To visualize the overlap and combinations of different specific diets among participants who reported following a special diet, we used an UpSet plot. This type of plot offers a clear summary of how frequently participants reported one or more particular dietary patterns, as well as which combinations are most common.

library(ComplexUpset)

# 1. Prepare the data (as before)
upset_data <- df %>%
  filter(currently_on_diet == "Yes") %>%
  mutate(across(
    ends_with("_diet") & !matches("^currently_on_diet$"),
    ~ !is.na(.)
  ))

specific_diets <- upset_data %>%
  select(ends_with("_diet") & !matches("^currently_on_diet$")) %>%
  names()

diet_labels <- c(
  weight_loss_diet      = "Weight loss / Low-calorie diet",
  low_fat_diet          = "Low-fat / Low-cholesterol diet",
  low_salt_diet         = "Low-salt / Low-sodium diet",
  low_sugar_diet        = "Sugar-free / Low-sugar diet",
  low_fiber_diet        = "Low-fiber diet",
  high_fiber_diet       = "High-fiber diet",
  diabetic_diet         = "Diabetic diet",
  weight_gain_diet      = "Weight-gain / Muscle-building diet",
  low_carb_diet         = "Low-carb diet",
  high_protein_diet     = "High-protein diet",
  gluten_free_diet      = "Gluten-free / Celiac diet",
  renal_kidney_diet     = "Renal / Kidney diet",
  other_special_diet    = "Other special diet"
)

# 2. Rename only the specific diet columns
upset_data_pub <- upset_data %>%
  rename_with(~ diet_labels[.x], .cols = all_of(specific_diets))

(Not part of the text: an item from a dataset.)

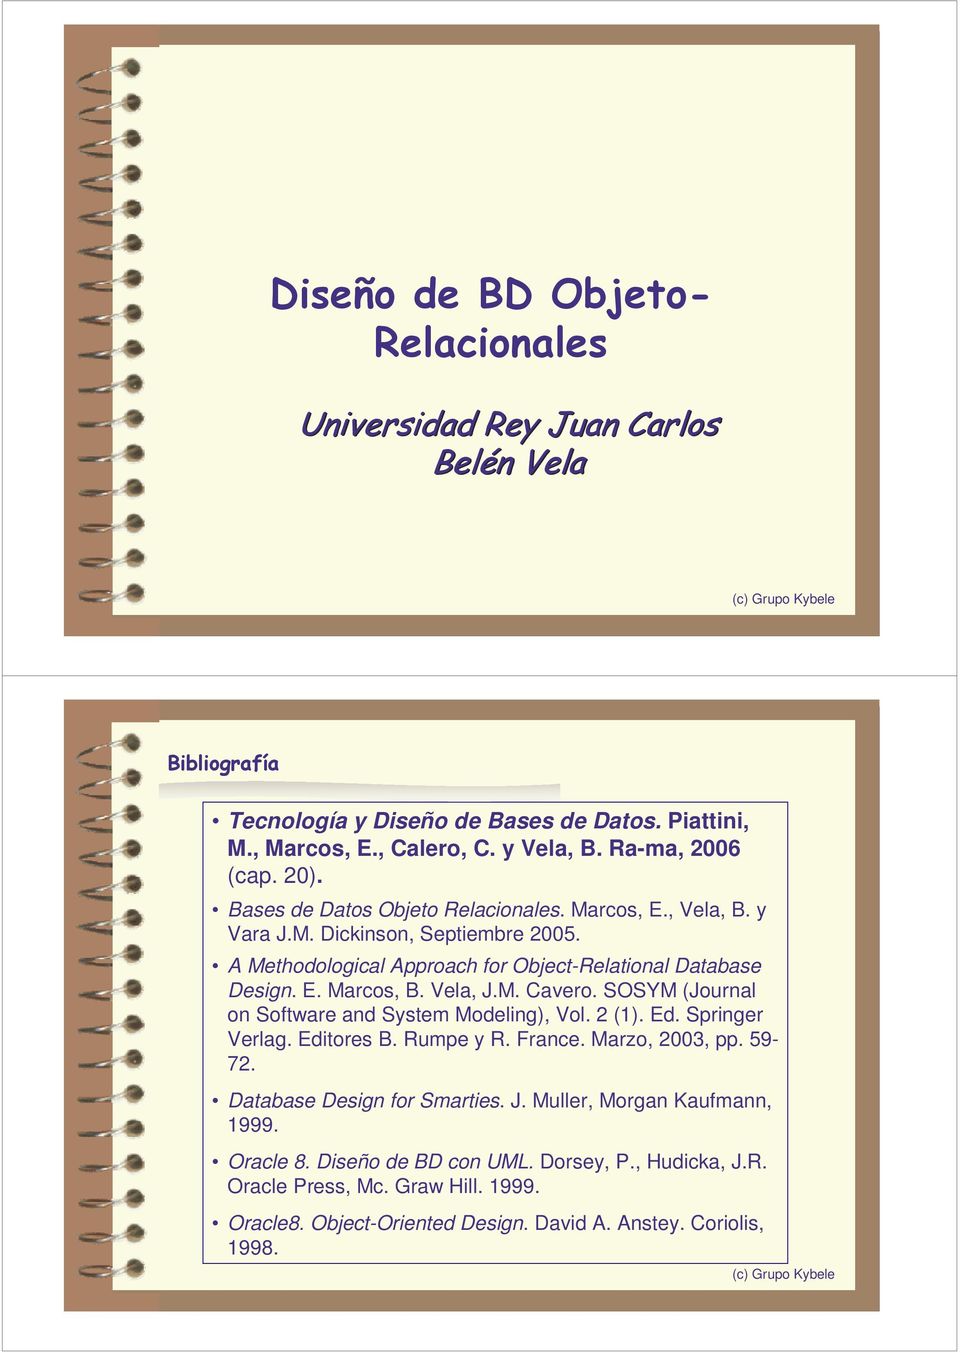 A Methodological Approach for Object-Relational Database Design. E. Marcos, B. Vela, J.M. Cavero. SOSYM (Journal on Software and System Modeling), Vol. 2 (1). Ed. Springer Verlag.

# 3. Now select ONLY the renamed columns (in order) for plotting
specific_diets_pub <- unname(diet_labels[specific_diets])  # vector of publication-ready names

# 4. UpSet plot using *only* the correct columns as sets
upset(
  upset_data_pub,
  specific_diets_pub,
  name = "Specific Diets",
  min_size = 5,
  width_ratio = 0.1
) +
  theme(
    axis.text.x = element_blank(),
    plot.title   = element_text(size = 14, face = "bold")
  ) +
  ggtitle("Overlap of Specific Diet Types Among Dieting Participants")

This plot shows the most common individual diets on the left, and the set intersections (i.e. combinations of diets) along the bottom, with bar heights indicating the number of participants in each intersection.